LINK_IsHalted() returns ERROR

This site uses cookies. By continuing to browse this site, you are agreeing to our Cookie Policy.

  • LINK_IsHalted() returns ERROR

    Setup:
    IDE = IAR 6.30.6.3387
    JLink = JLink ARM v8 (SWD with no SWO)
    Device = STM32F051x8
    JLink DLL Version = 44201
    According to my project settings the SWO Clock is set to 2000kHz, however in the cspy log I see the following:
    T143C 004:705 JLINK_GetSpeed() returns 0x20 (0000ms, 4656ms total)
    T143C 004:705 JLINK_SetMaxSpeed() (0001ms, 4656ms total)

    Problem:
    I have two development boards (Rev1 and Rev2).
    Rev 2 has some layout changes but no functional or part value changes (especially in the SWD area)
    I am using the exact same code/project on both boards.
    On Rev 1, I have no problems what so ever with debugging.
    On Rev 2, I get 'Failed to get CPU status after 4 retries' very often when debugging. Not every time, but at least 7 of 10 times once I hit the download and debug button.


    Investigation:
    When I look at the cspy outputs I notice that the return code to JLINK_IsHalted Command is ERROR on the Rev 2 board when I get the error dialog from IAR. On the Rev 1 board I only ever get FALSE/TRUE return codes.

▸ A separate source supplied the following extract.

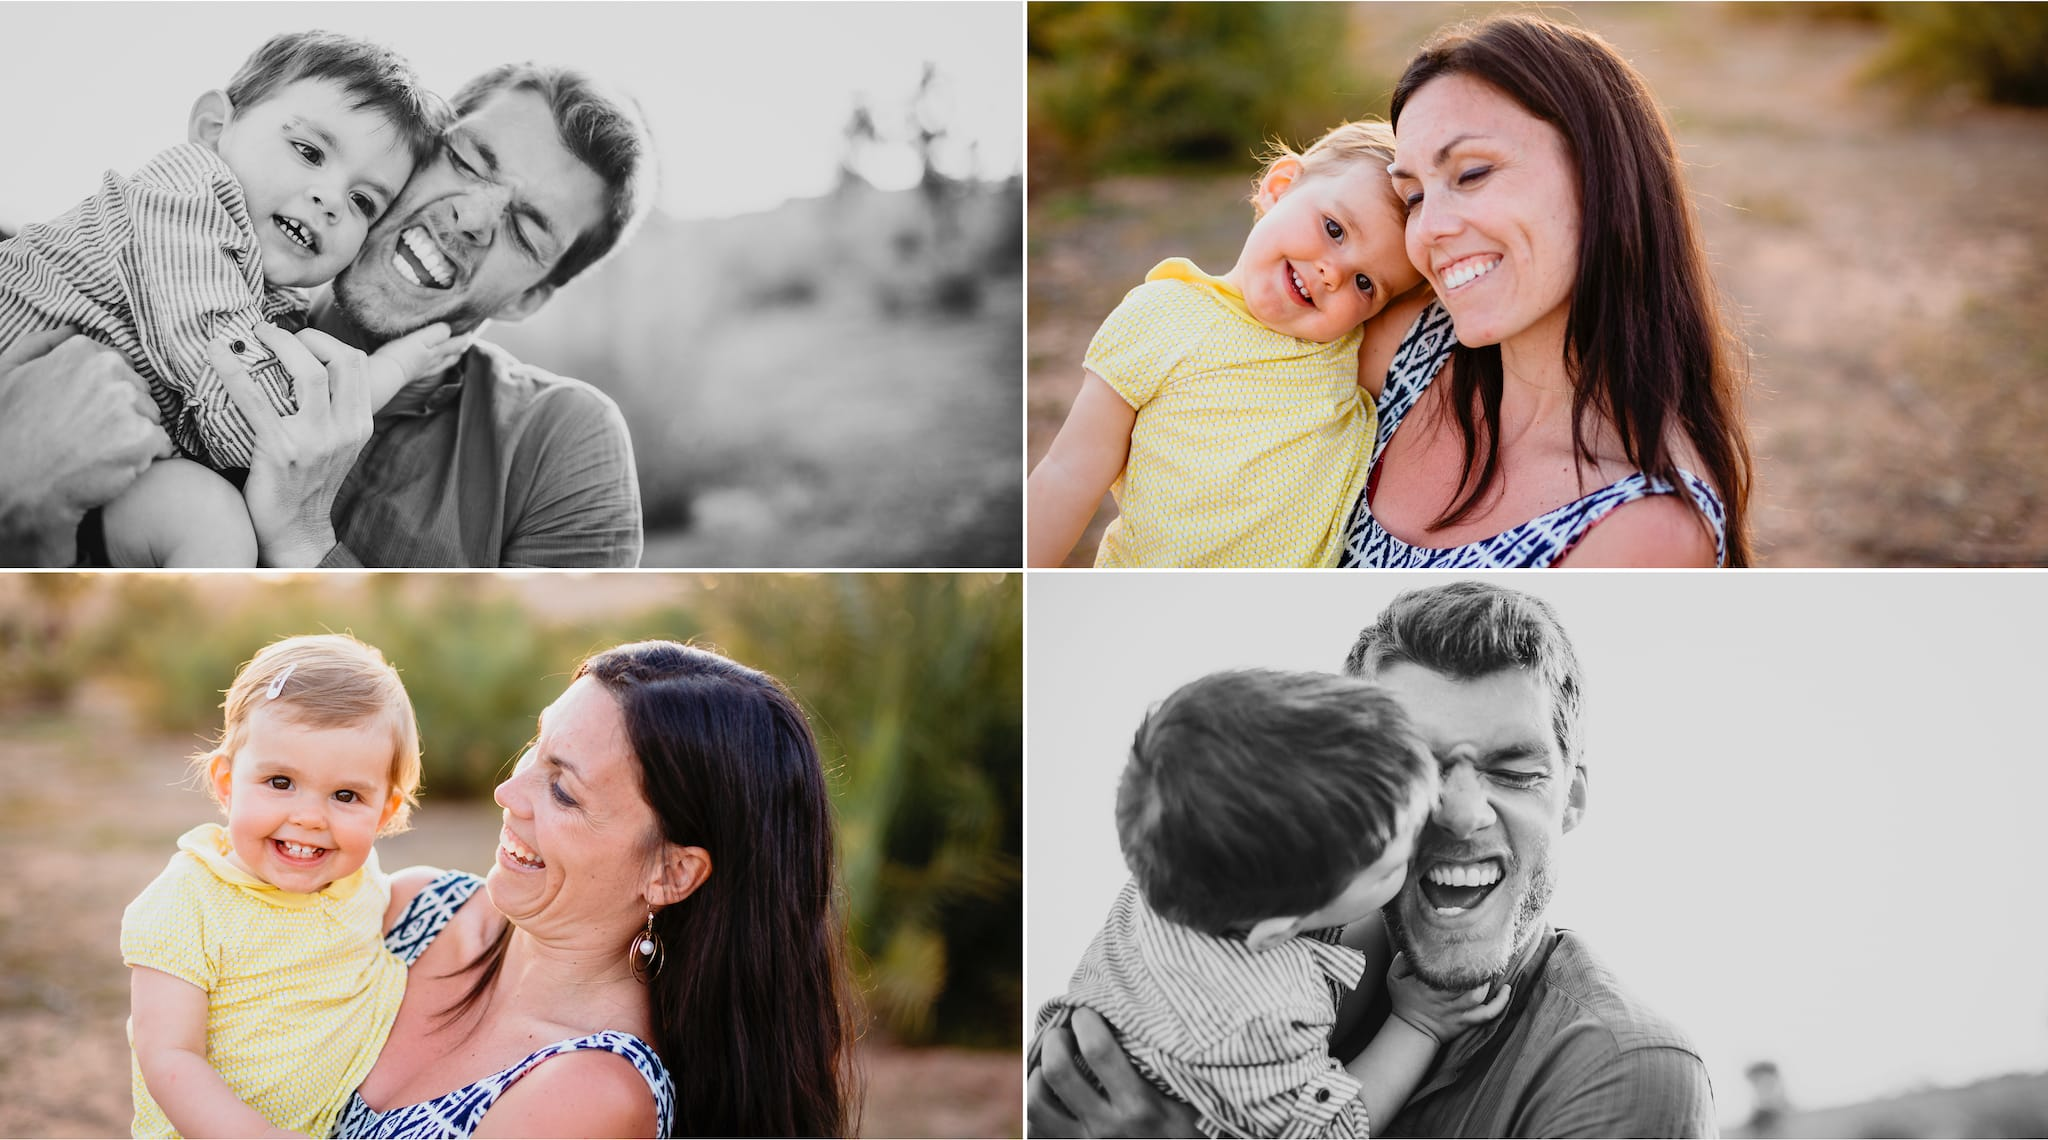 marrakesh ; maroc ; photographe ; shooting photo famille

    T1C68 023:679 JLINK_WriteMem(0xE000EDFC, 0x0004 Bytes, ...) -- Data: 00 00 00 01 -- CPU_WriteMem(4 bytes @ 0xE000EDFC ) returns 0x04 (0001ms, 6171ms total)
    T1C68 023:680 JLINK_WriteMem(0xE0001028, 0x0004 Bytes, ...) -- Data: 00 00 00 00 -- CPU_WriteMem(4 bytes @ 0xE0001028 ) returns 0x04 (0001ms, 6172ms total)
    T1C68 023:681 JLINK_WriteMem(0xE0001038, 0x0004 Bytes, ...) -- Data: 00 00 00 00 -- CPU_WriteMem(4 bytes @ 0xE0001038 ) returns 0x04 (0001ms, 6173ms total)
    T1C68 023:682 JLINK_Go() -- CPU_WriteMem(4 bytes @ 0xE0002008 ) -- CPU_WriteMem(4 bytes @ 0xE000200C) -- CPU_WriteMem(4 bytes @ 0xE0002010) -- CPU_WriteMem(4 bytes @ 0xE0002014 ) (0006ms, 6174ms total)
    T1C68 023:689 JLINK_IsHalted() returns FALSE (0000ms, 6180ms total)
    T1C68 023:691 JLINK_IsHalted() returns ERROR (0000ms, 6180ms total)
    T1C68 023:691 JLINK_IsHalted() returns ERROR (0001ms, 6180ms total)



    Questions:
    1) What exactly is the JLINK_IsHalted command considering an "ERROR"?
    2) Is there a way to script out the IAR debug sequence exactly so that I can attempt to replicate the failure outside of IAR. That way I have a mechanism to reproduce the problem for the hardware guy. (Also, so I can confirm the failure is fixed when a "fix" is found). I have tried using the JLink Command line tool, but I don't see an explict IsHalted Command. Note: I tried running the 1000 HaltGo test and did not have any issues on both boards.
    3) Any suggestions about signal integrity on the SWD signal lines? Possibly what irregulaties I should be looking for if I probe the lines.
    4) I don't see how the actual software running on the micro can be affecting the debugger, is this a good/accurate assumption?
    5) Any other suggestions on how to more efficetly reproduce the problem and/or suggestions on how to fix the issue.
    Images
    • HardwareDebugIntermittentFailure.png

      12.24 kB, 332×237, viewed 960 times
    Files
    • cspy_bad.txt

      (746.1 kB, downloaded 902 times, last: )
    • cspy_good.txt

      (471.18 kB, downloaded 930 times, last: )
  • Hello,

    1) What exactly is the JLINK_IsHalted command considering an "ERROR"?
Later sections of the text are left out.